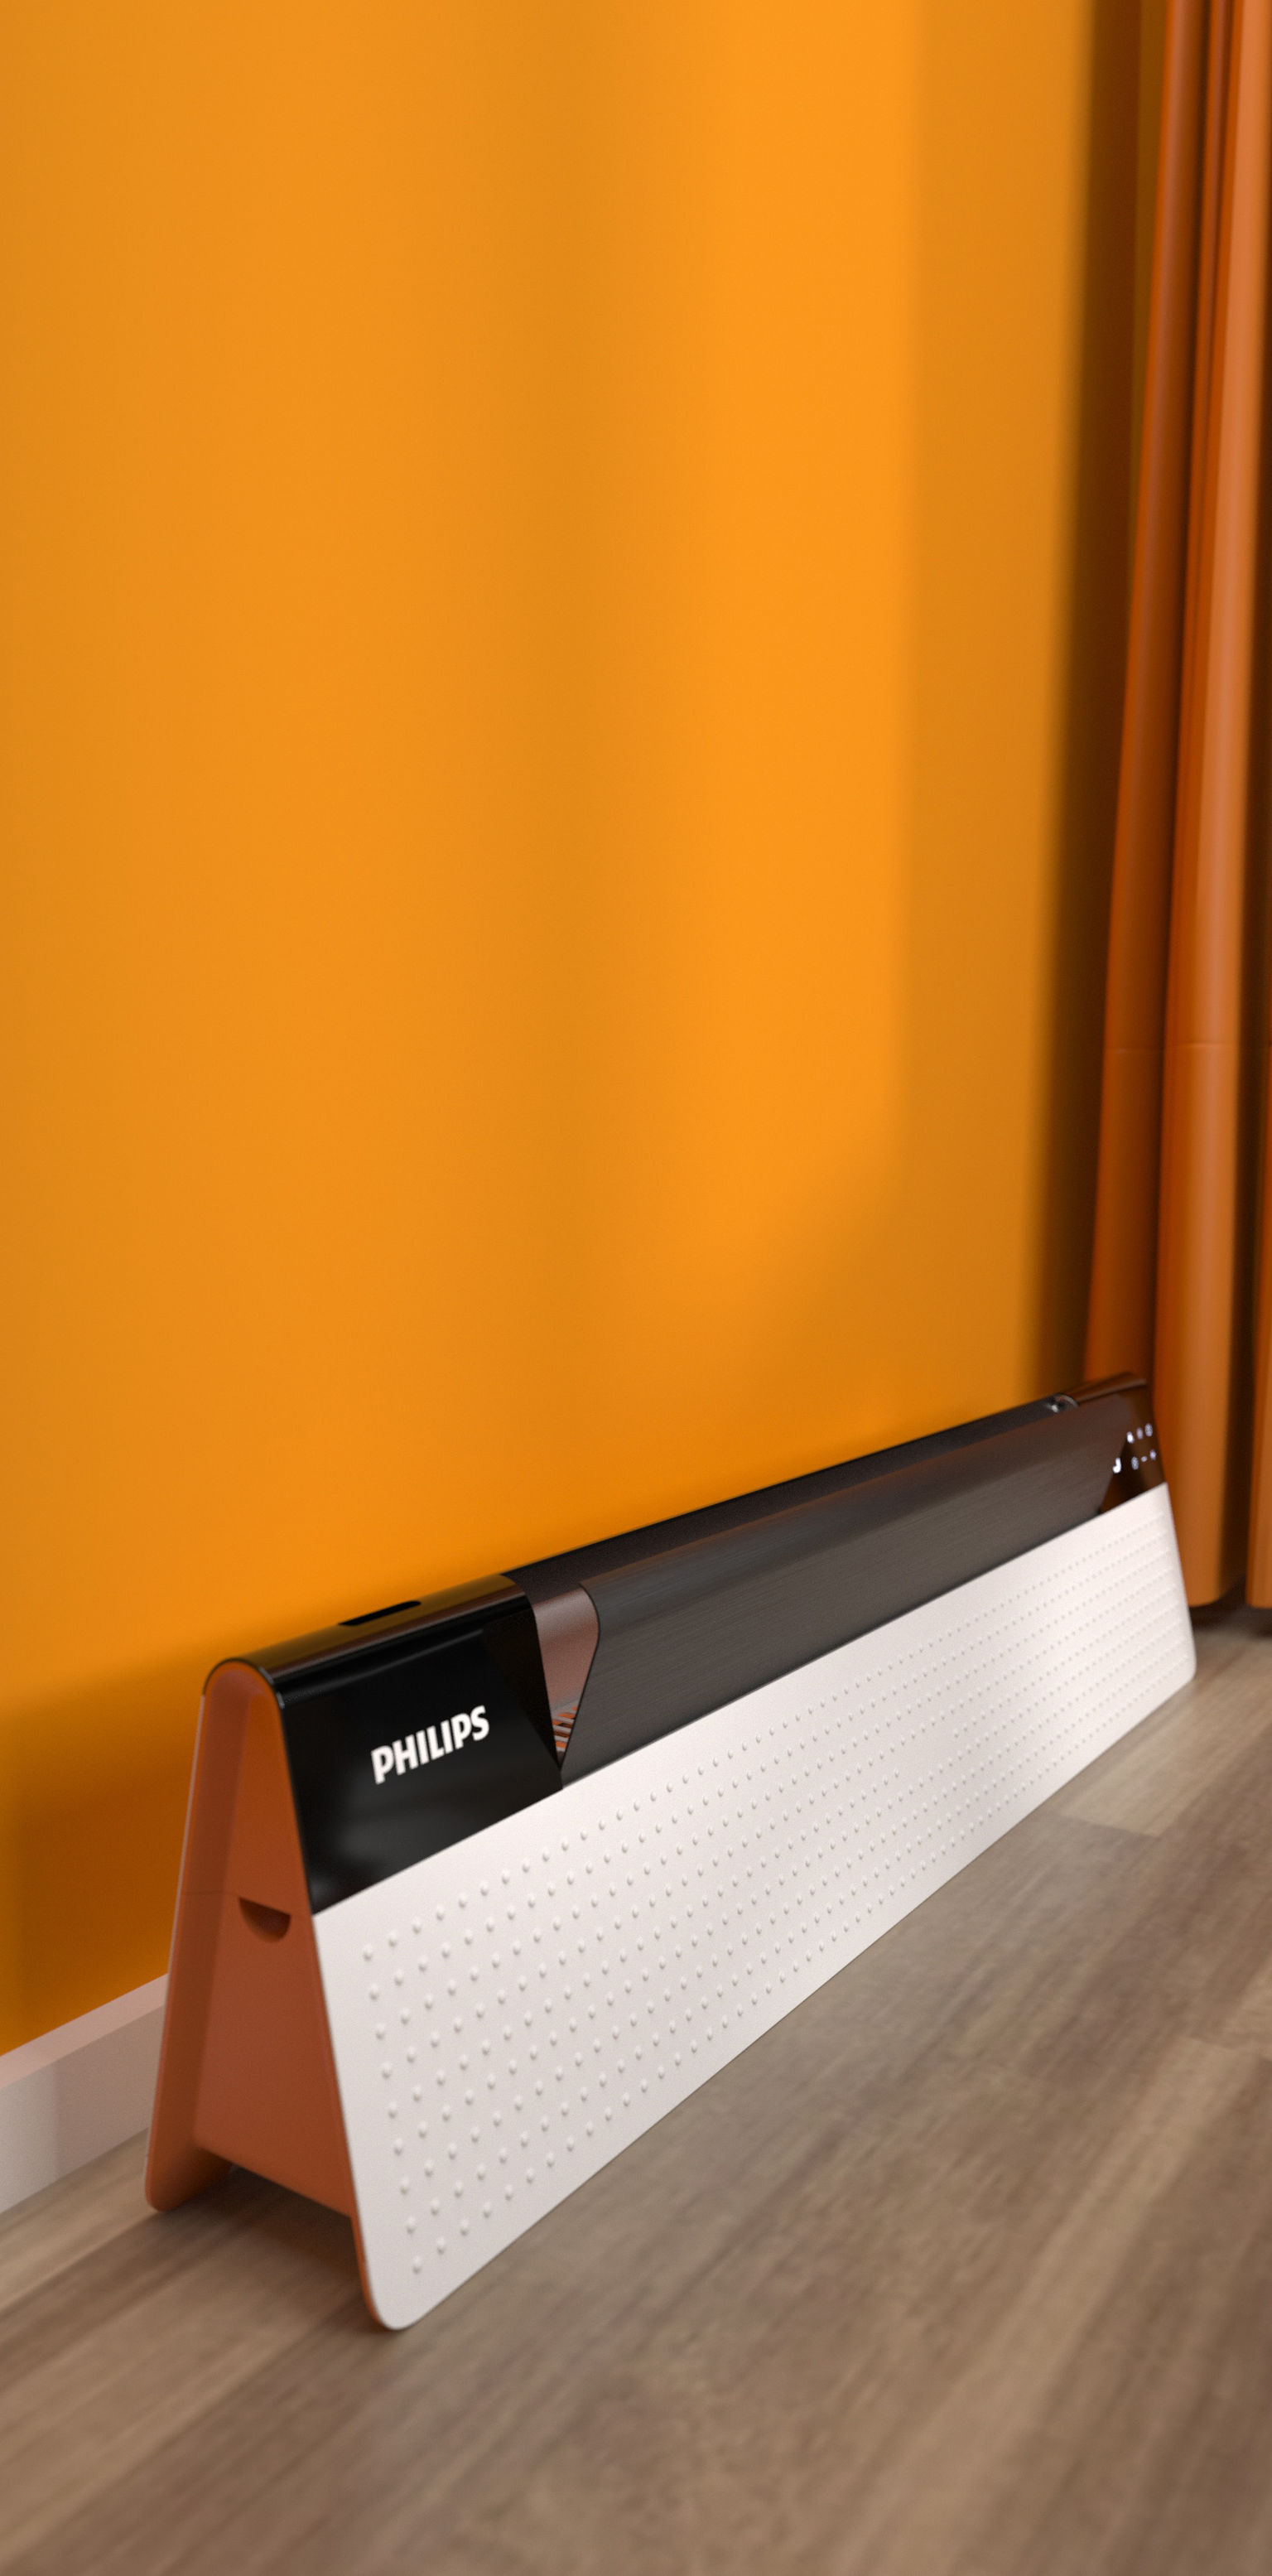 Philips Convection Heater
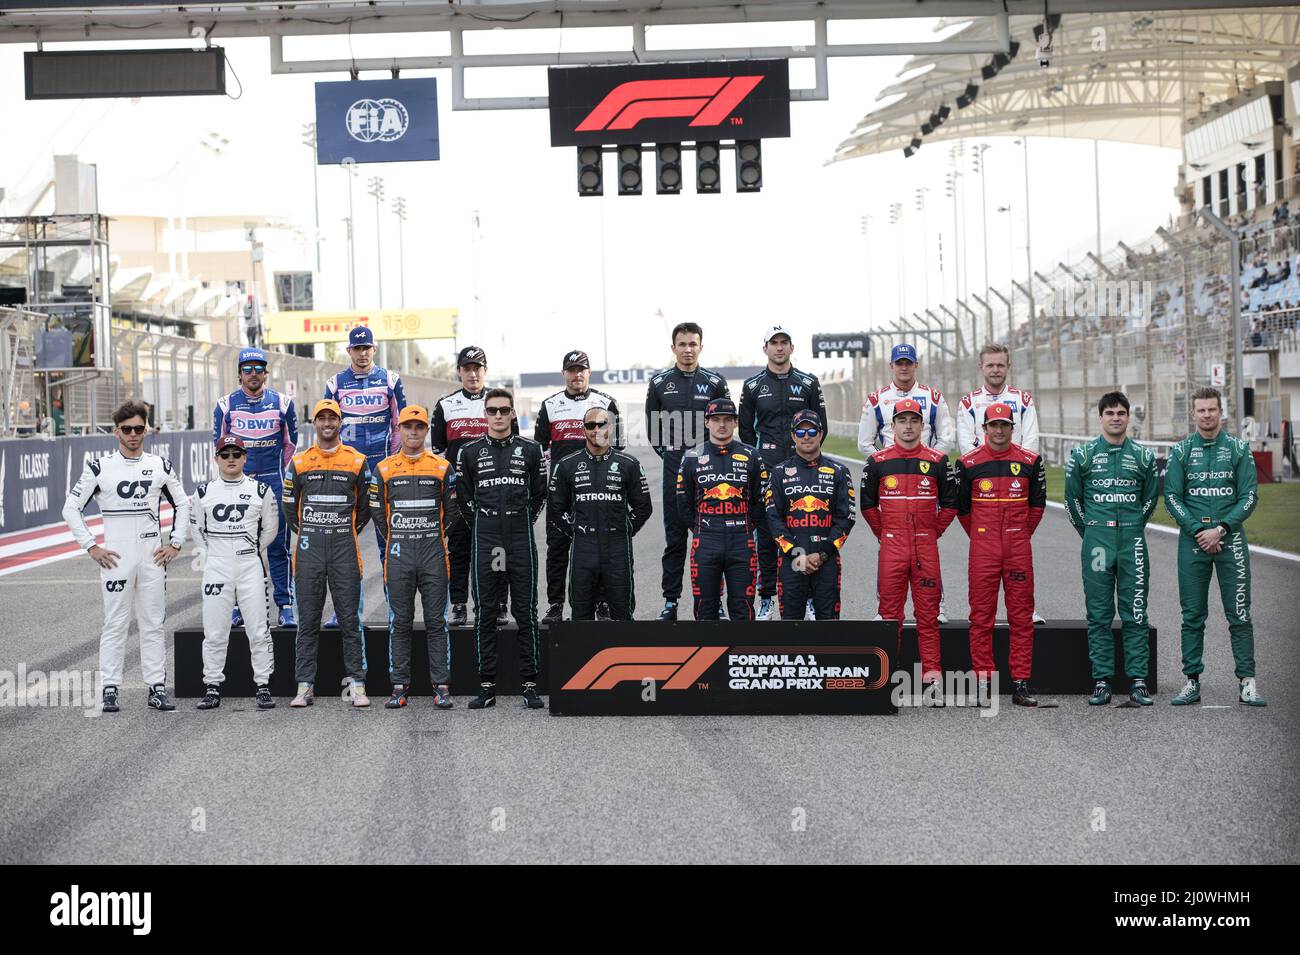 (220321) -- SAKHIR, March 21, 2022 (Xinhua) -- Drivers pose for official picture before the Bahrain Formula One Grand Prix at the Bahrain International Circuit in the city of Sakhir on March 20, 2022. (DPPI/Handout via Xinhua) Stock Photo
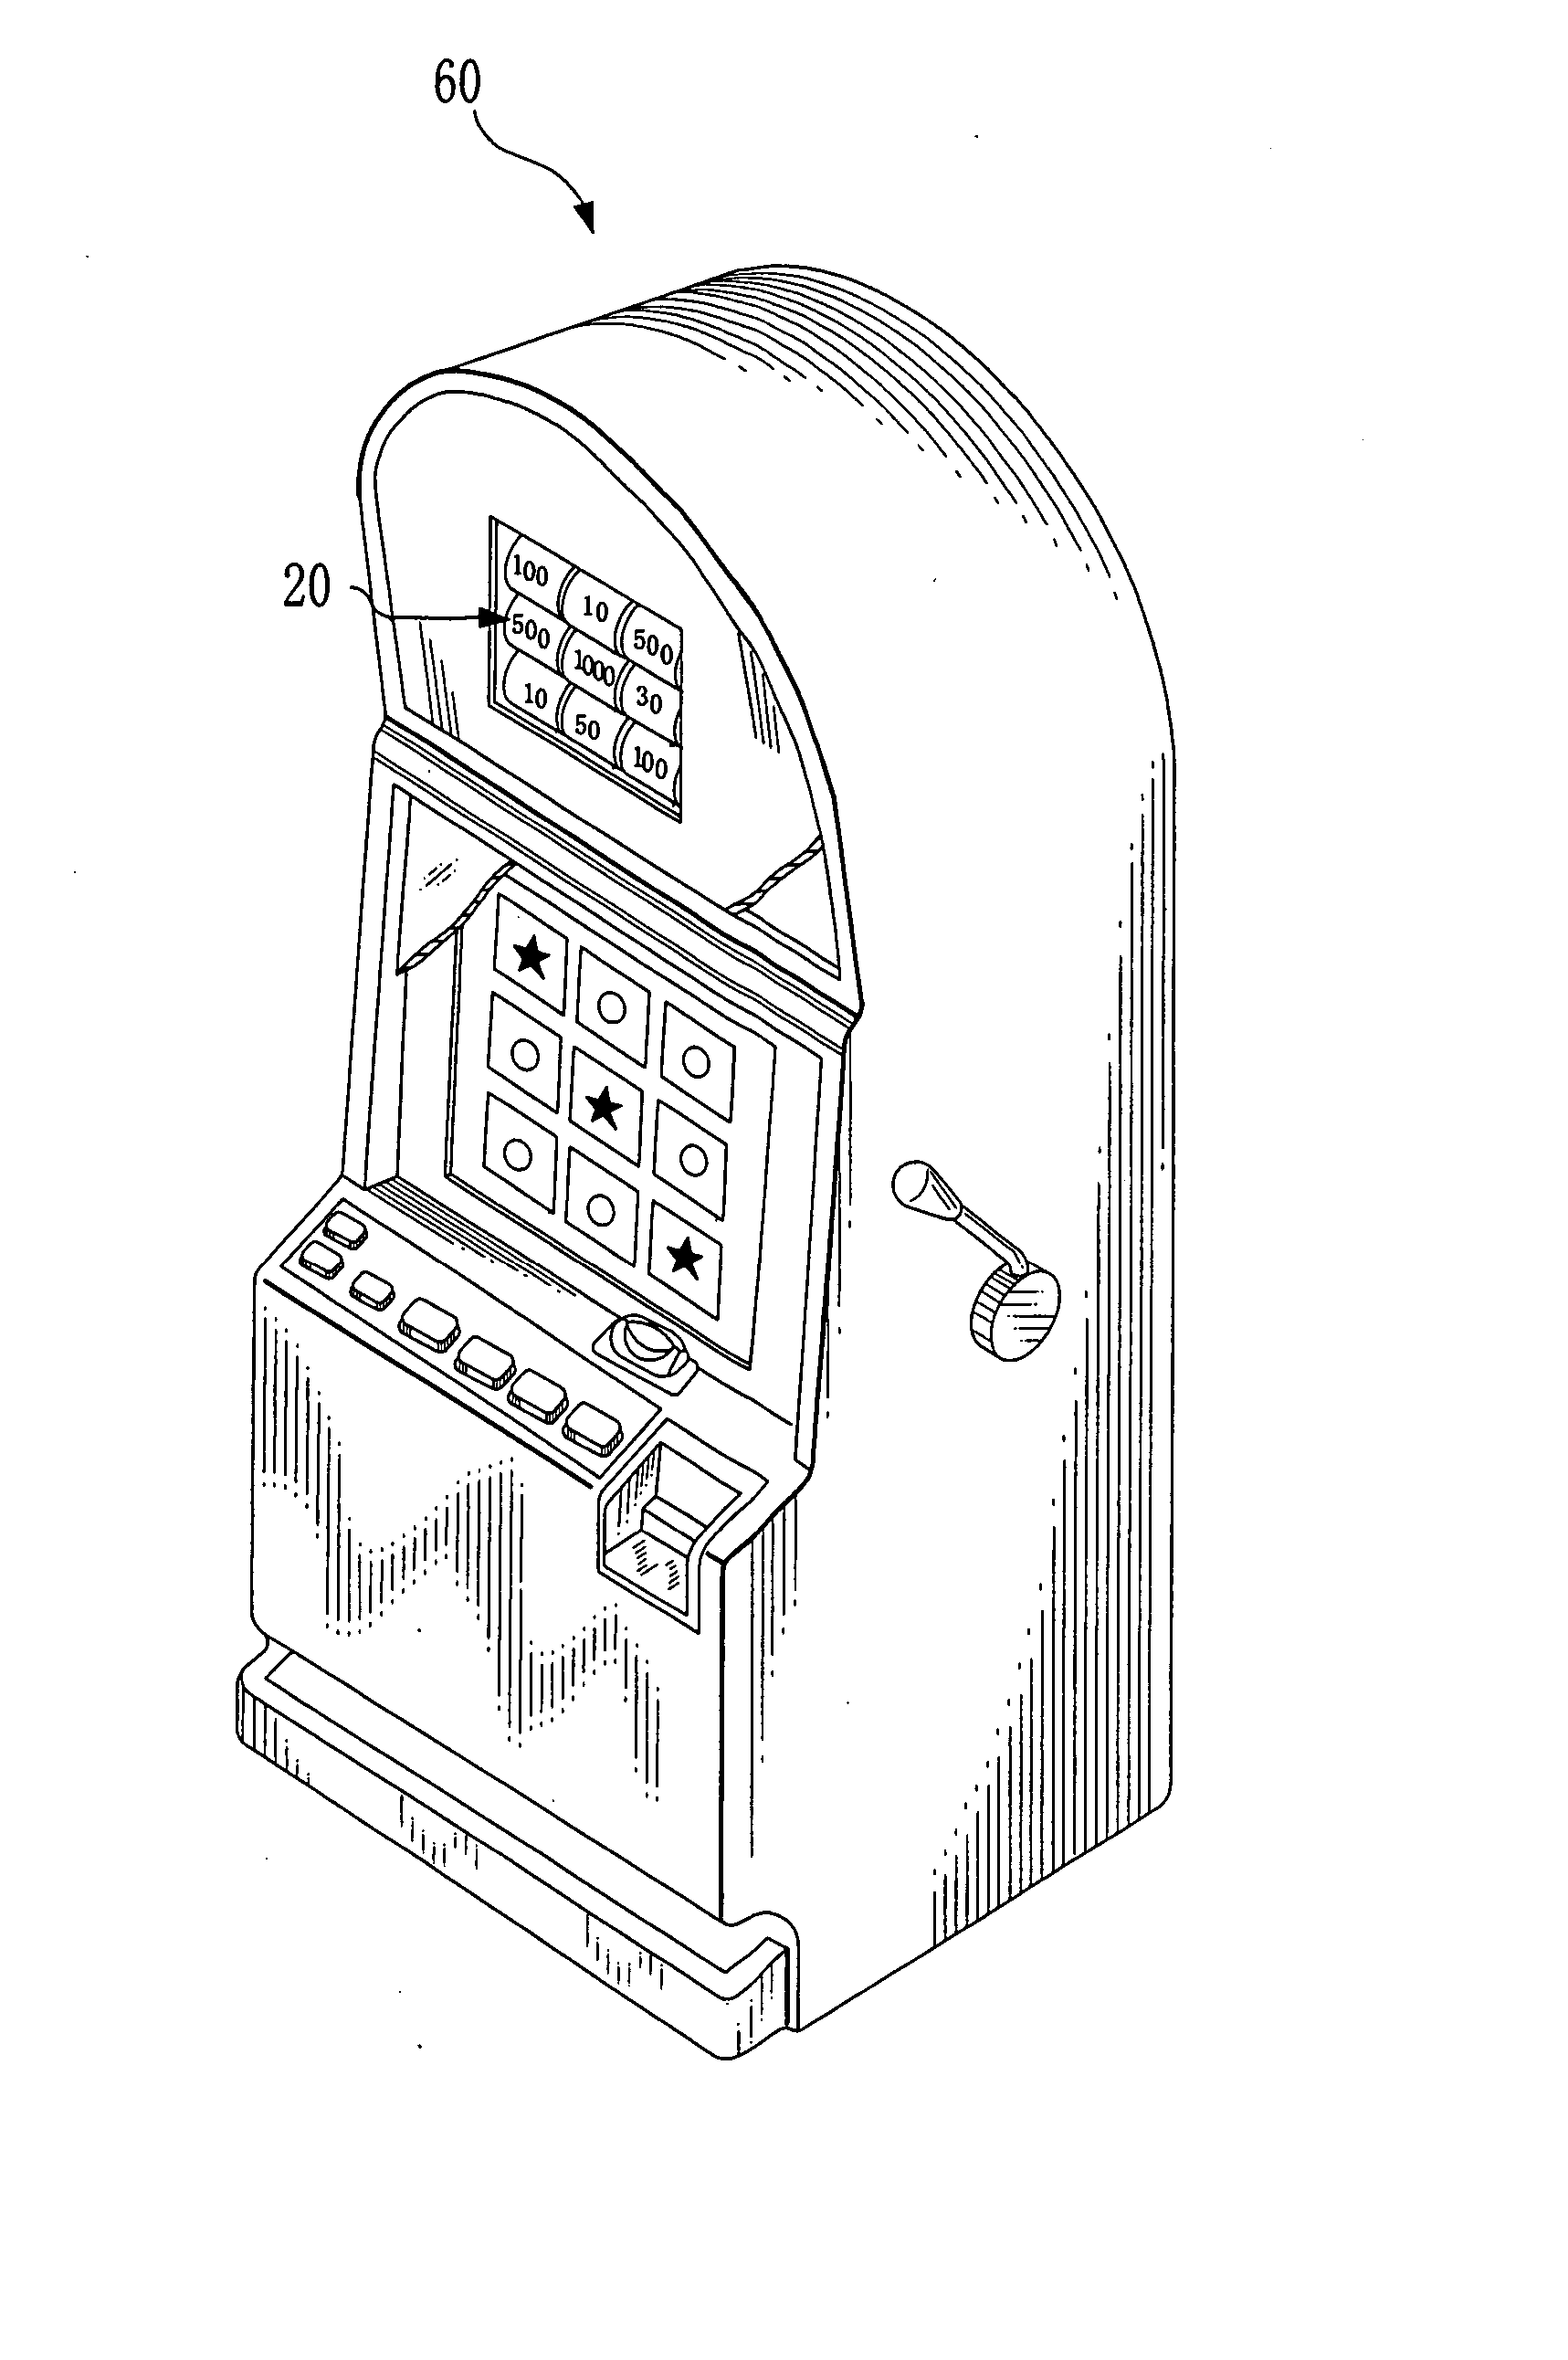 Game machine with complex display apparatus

**********

▶ PROBLEM TO SOLVE
Only the pictures are to be dropped; the rest of the material above must be duplicated exactly.

▶ ANSWER SPACE
 Philips Convection Heater
 (220321) -- SAKHIR, March 21, 2022 (Xinhua) -- Drivers pose for official picture before the Bahrain Formula One Grand Prix at the Bahrain International Circuit in the city of Sakhir on March 20, 2022. (DPPI/Handout via Xinhua) Stock Photo
 Game machine with complex display apparatus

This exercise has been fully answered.